The risk was great, as Clark explains. “Germany and Italy had all of Greece. Enemy craft and planes patrolled the coasts. If they got caught doing anything but fishing, they would be imprisoned and beaten, possibly shot. Worse, their caiques, their livelihood would be seized and sunk, their families reduced to poverty.”

Greek patriotism and philotimo (personal honor, pride, human dignity) trumped fear. “Freedom or death,” became the resistance’s rallying cry. The plan was set in motion and hundreds of Cretans (and dozens of British guerillas) were rescued. The caiques’ first stop was the small, secluded harbor of Ayios Yiorgos (on Antiparos), where the captains could refuel and the men, many of whom were wounded or ill, could rest up in safety.

“And there was the detail of the taftotitas, their identification papers. If an Axis sea patrol caught the men without proper papers, they would clap them into prison along with the ship’s captain. Could the resistance provide so many taftotitas?”

That was just the start of an operation which ultimately saved nearly three thousand Cretans and British, a record in the chronicles of WW II escapes. It was an operation that kept expanding and improving; within a year Ayios Yiorgos became the Cycladic rendezvous for British submarines. They would slip into the harbor, pick up key personnel and deliver them to Alexandria, headquarters for the Royal Navy and the Greek government in exile.

Everyone knew about the submarine base except for the occupying Italians, Clark writes. “The base was an open secret throughout the summer of 1941, yet not one man, woman or child of the 5,600 people on the two islands gave it away. At least five hundred islanders–-merchants, mule drivers, butchers, bakers, monks, nuns, errand boys, caique captains, sailors, farmers, artisans and all of their wives and children–-came to be involved in the base operation to a greater or lesser extent, either directly or through relatives or friends who knew all about it. Despite the terror of being caught and imprisoned or worse, and despite their own sufferings and deprivations under the occupation, the worst of which was hunger, everyone, really everyone, was passionately enthusiastic and proud as princes of ‘their’ secret base.

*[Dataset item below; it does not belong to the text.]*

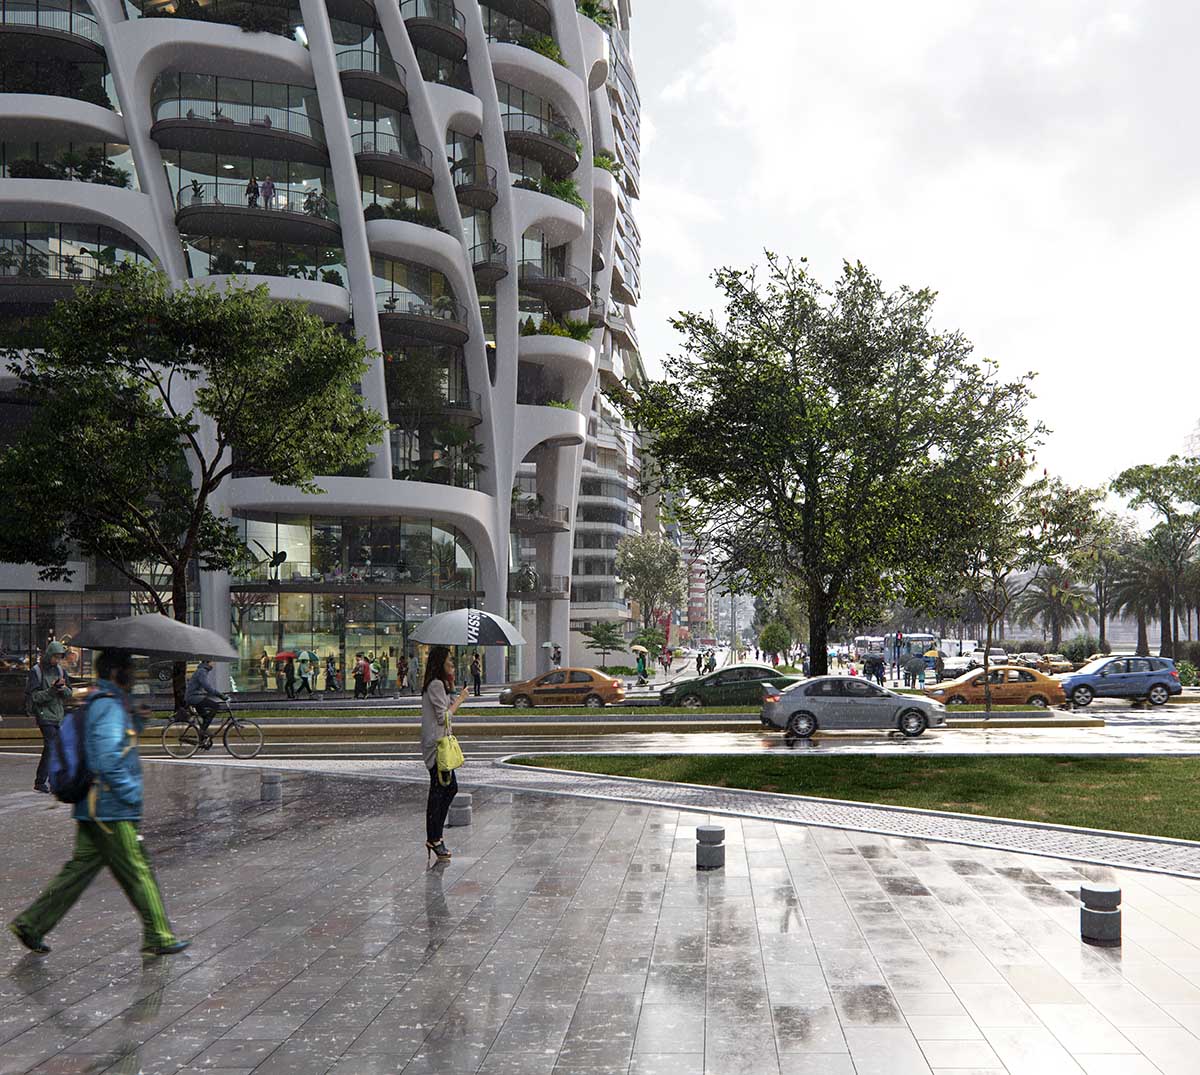 MAD unveils its twisting mixed-use Qondesa tower, set to become Quito’s tallest building

They believed in the importance of its role in the Allied victory that they prayed for day and night. Every Parian and every Antipariot did all they could to make it work.”

At the heart of the operation (which ultimately was undermined by a foolish and incompetent British naval officer) was the Zorba-like Hari Grammatikaki, “A Cretan sea wolf and strategic genius, a wild man and breaker of hearts, a Greek’s Greek and a patriot to the bone. Few of his generation are alive today, and few of the next know the story of his life. Those who do, know it only in part. Yet it is no exaggeration to hear in his tale echoes of Odysseus and Jason, Achilles and Ajax. For it is a Greek story, and the Cretan sea wolf was heroic in a Greek way. At the same time, as with the ancient Greek epics, his story–-and the islanders’-–speaks to us all, for this Cretan and these islanders chose to follow ‘that part of themselves which is great,’ the part that lives within us all and will rise when summoned, if we only dare.”